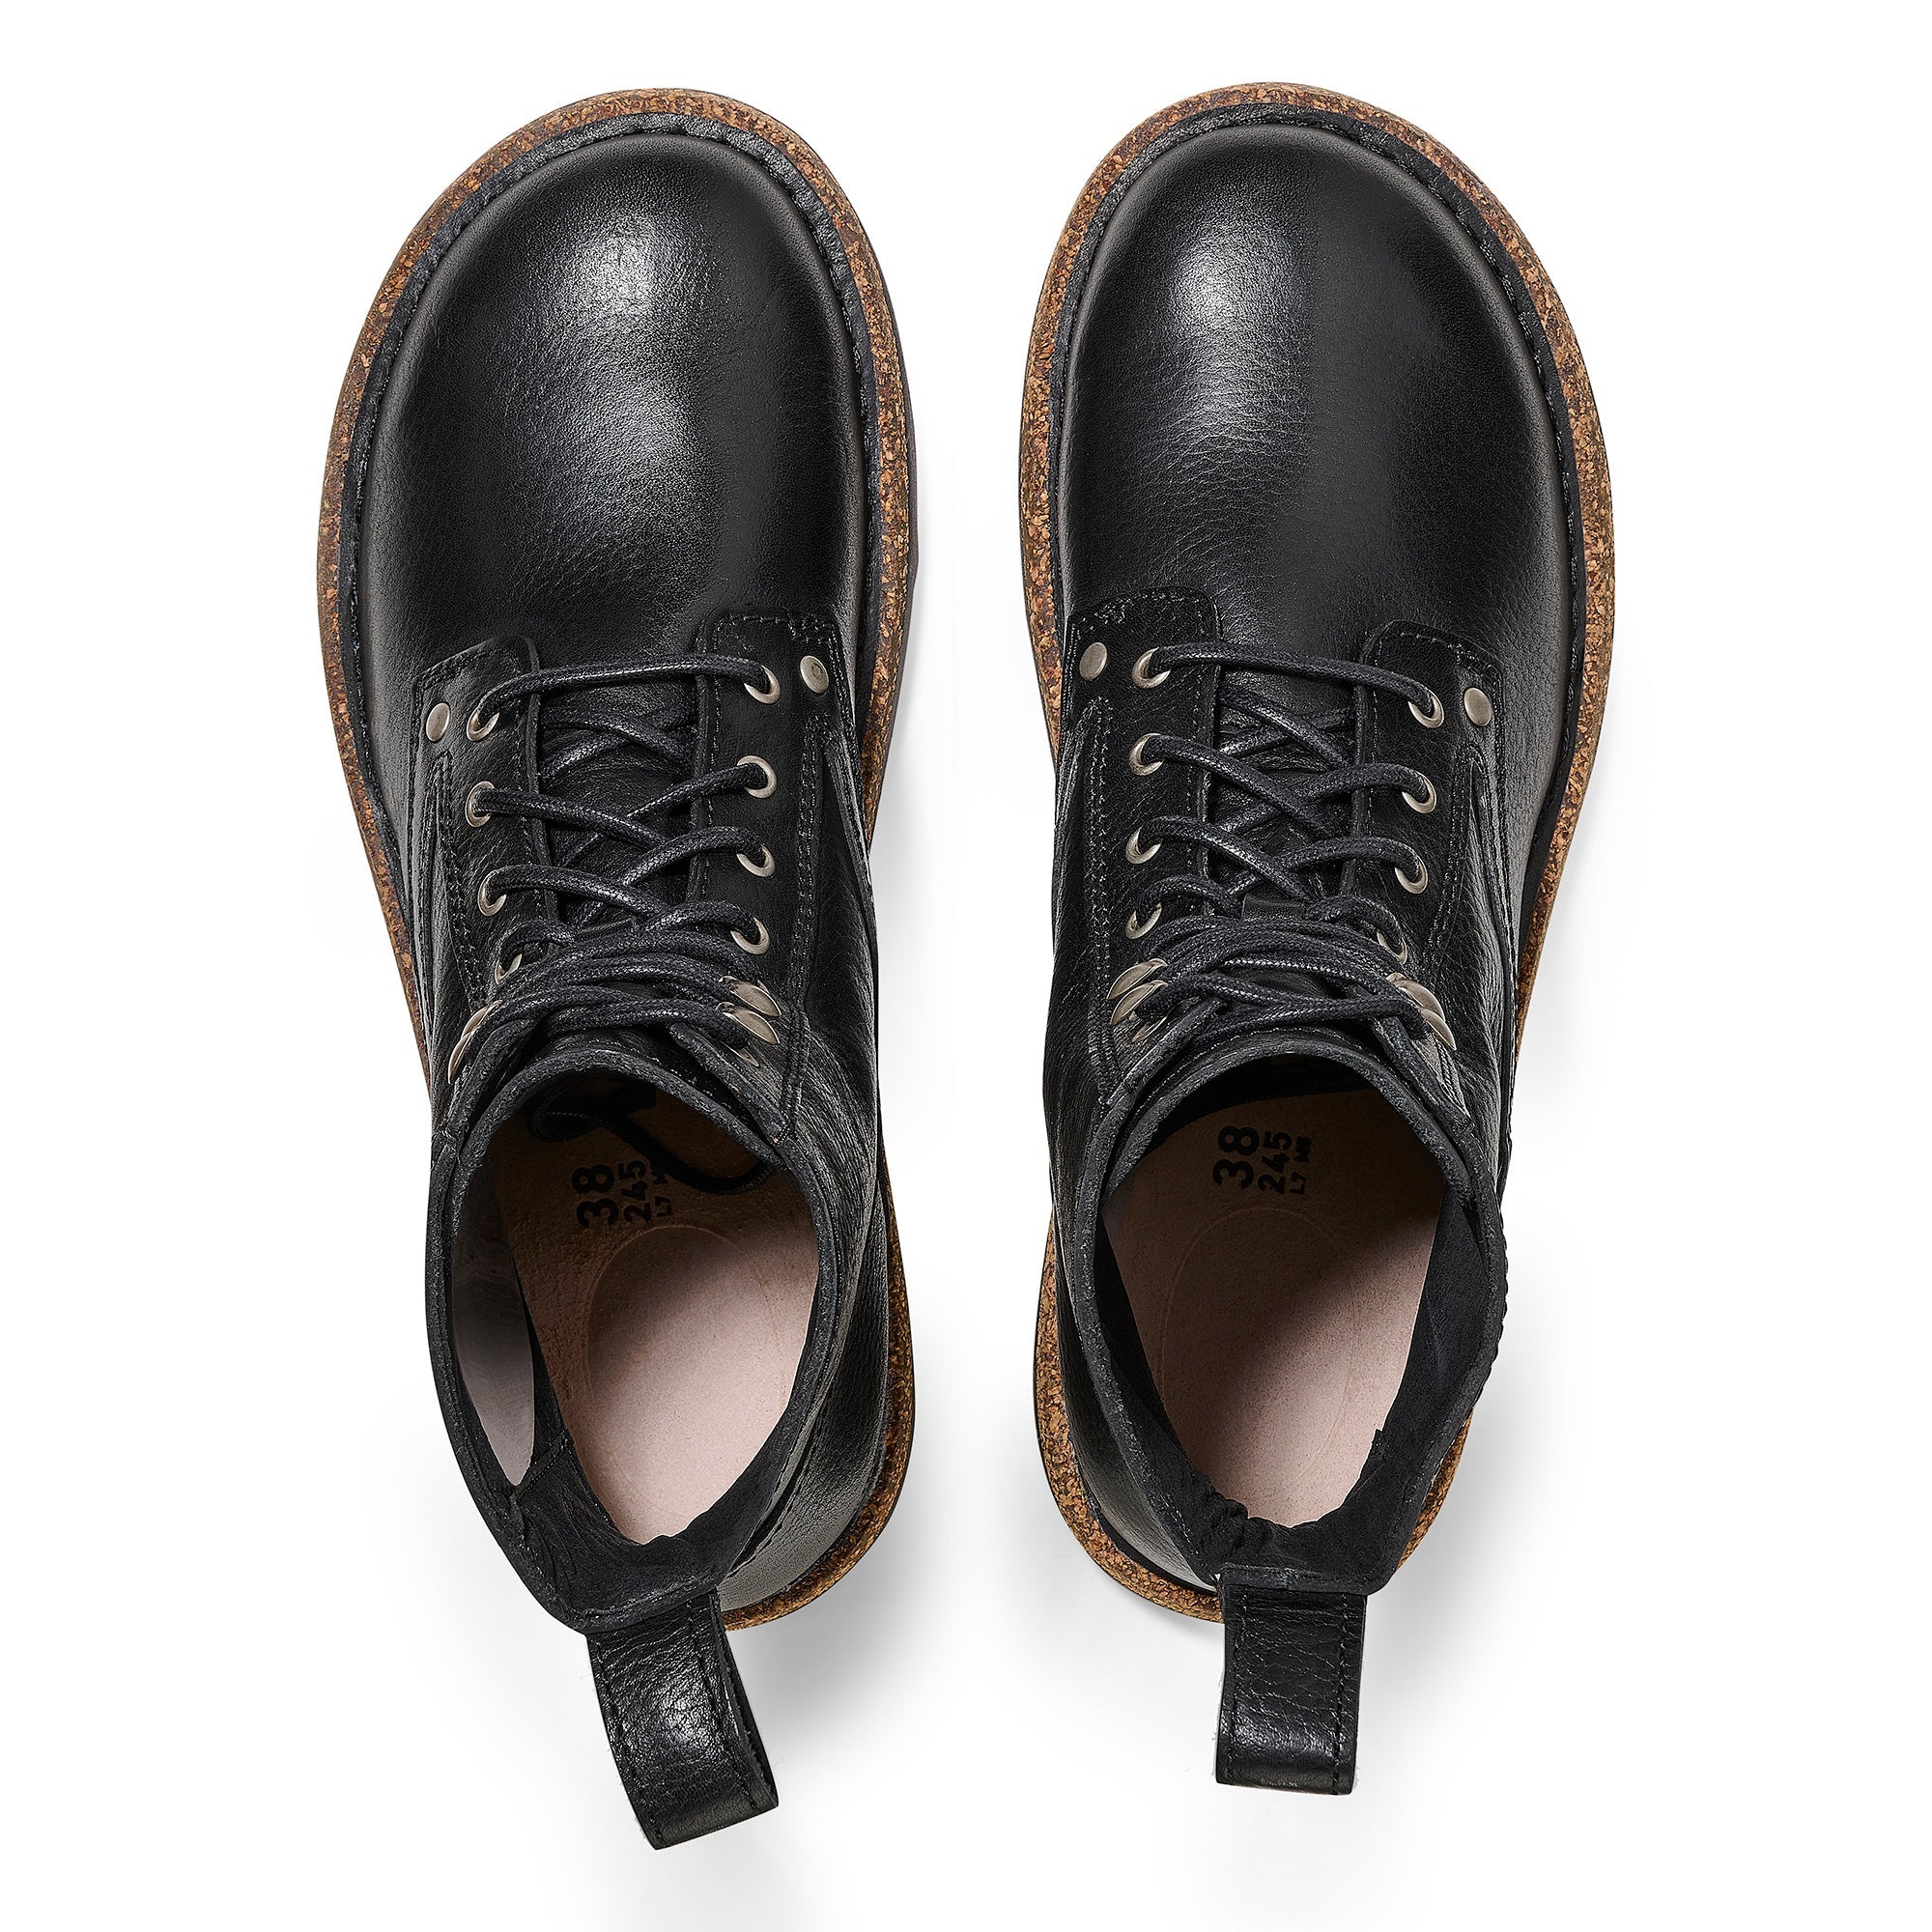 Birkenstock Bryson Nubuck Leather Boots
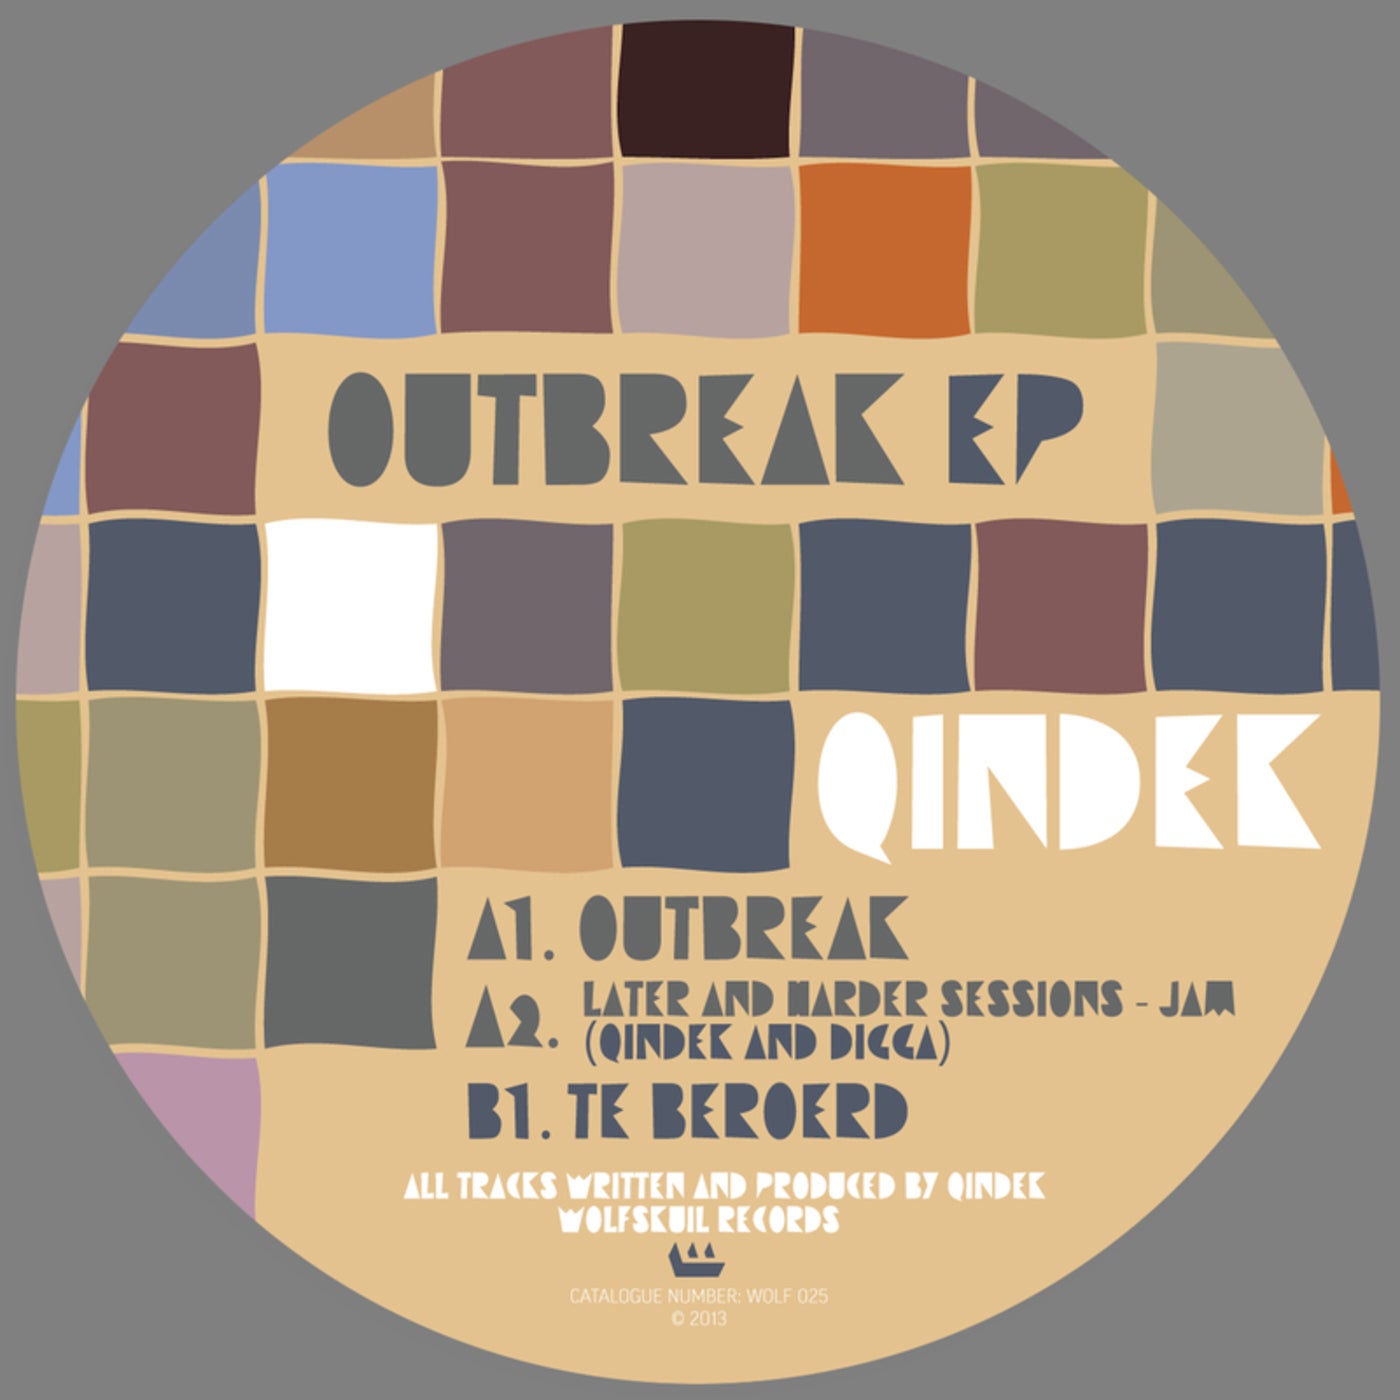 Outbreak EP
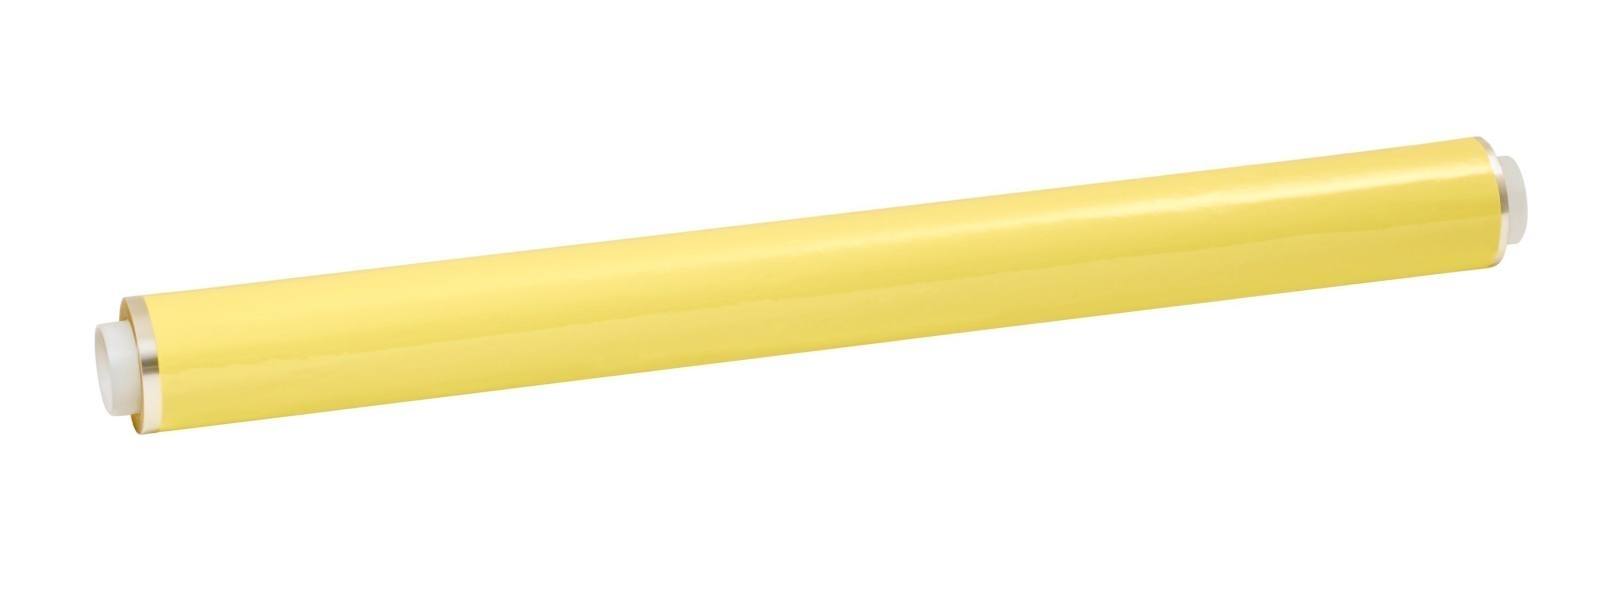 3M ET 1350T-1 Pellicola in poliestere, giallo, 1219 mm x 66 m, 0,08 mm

__Activity__
Please restate all of the listing above word for word, with no pictures.

__Answer space__
 Birkenstock Bryson Nubuck Leather Boots
 Outbreak EP
 3M ET 1350T-1 Pellicola in poliestere, giallo, 1219 mm x 66 m, 0,08 mm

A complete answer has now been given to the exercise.